Le fil de l'histoire se trouve dans cette Vertu des anciens
dans l'instruction, l'éducation et l'exemple. Alors on
comprend les ruptures et la continuité, dans une immense
chaîne des libertés, qui se haussent sans cesse en inventant
leur propre chemin.
"Et
pourtant, France du dix-neuvième siècle, apprenez à
estimer cette vieille France qui vous valait. vous
deviendrez vieille à votre tour et l'on vous accusera,
comme on nous accusait de tenir à des idées surannées.

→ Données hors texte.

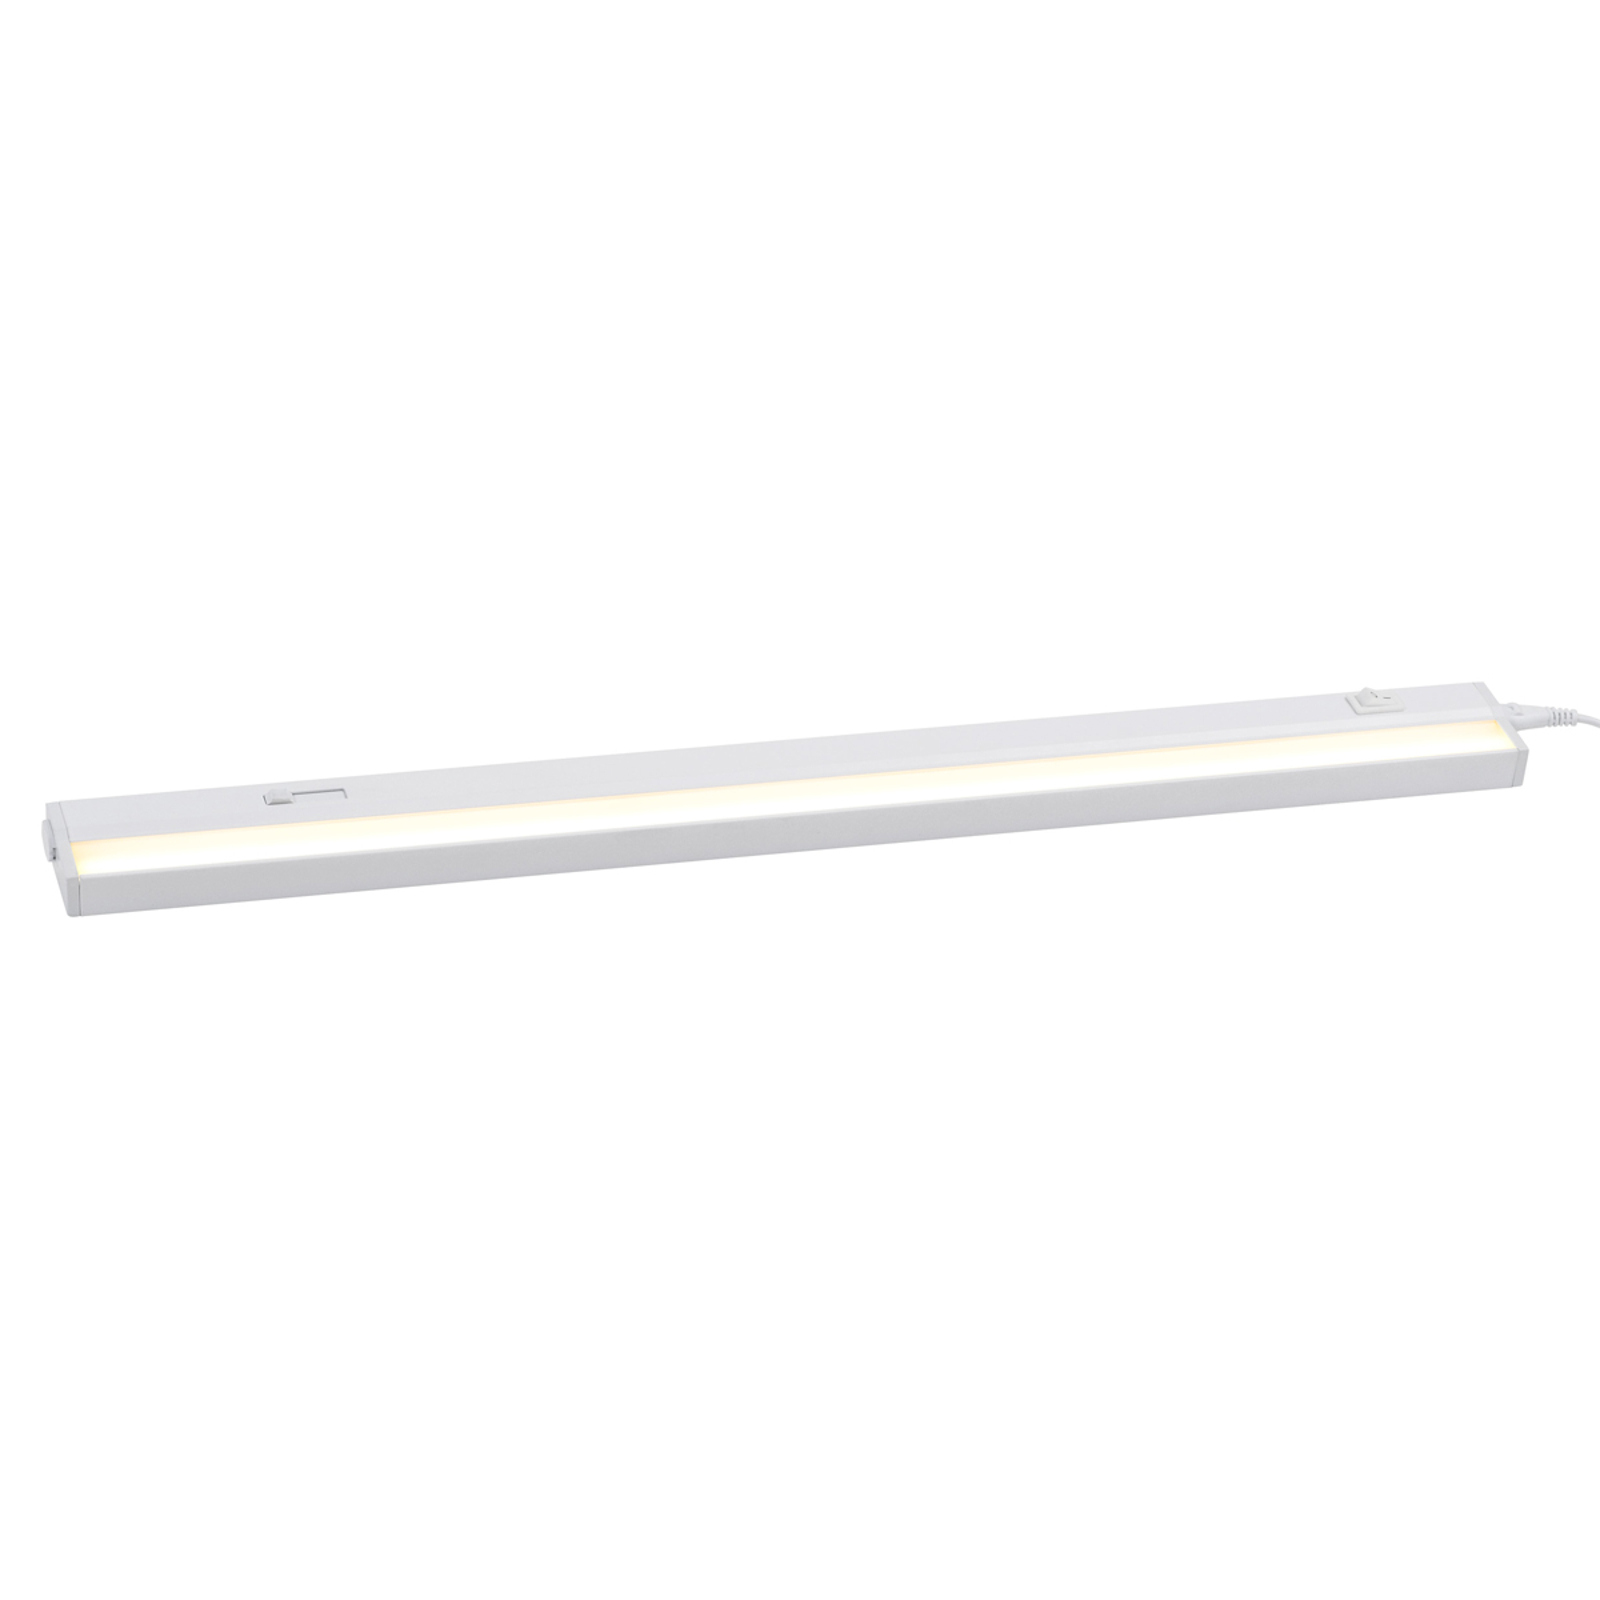 LED-kaapinalusvalaisin Cabinet Light 60,9 cm

Ce sont vos pères que vous avez vaincus. Ne les reniez
pas, vous êtes sortie de leur sang. S'ils n'eussent
été généreusement fidèles aux antiques mœurs,
vous n'auriez pas puisé dans cette fidélité native
l'énergie qui a fait votre gloire dans les mœurs
nouvelles. Ce n'est entre les deux France, qu'une
transformation de vertu."
Chateaubriand,
Mémoires
d'outre-tombe. Livre neuvième, chapitre I, page 559. |
Reste
que penser l'histoire ne peut se faire que dans cette
limite: si la complexité de chaque révolution fait de cette
révolution un événement unique, il n'y a qu'un fil de
l'histoire qui permettra de la penser. Le flambeau du progrès
par l'invention de nouvelles formes de liberté se passe d'une
génération à l'autre par la vertu pour peu que chaque
génération l'exerce. Disons par ce qui fait de la vertu une
forme , la même quelle qu'en soit la matière. Ainsi
pour Chateaubriand:
"La
menace du plus fort me fait toujours passer du côté du
plus faible."
Chateaubriand,
Mémoires
d'outre-tombe. Livre neuvième, chapitre I, page 544. |
Par
cette vertu il s'élève à l'universalité, à l'humanité.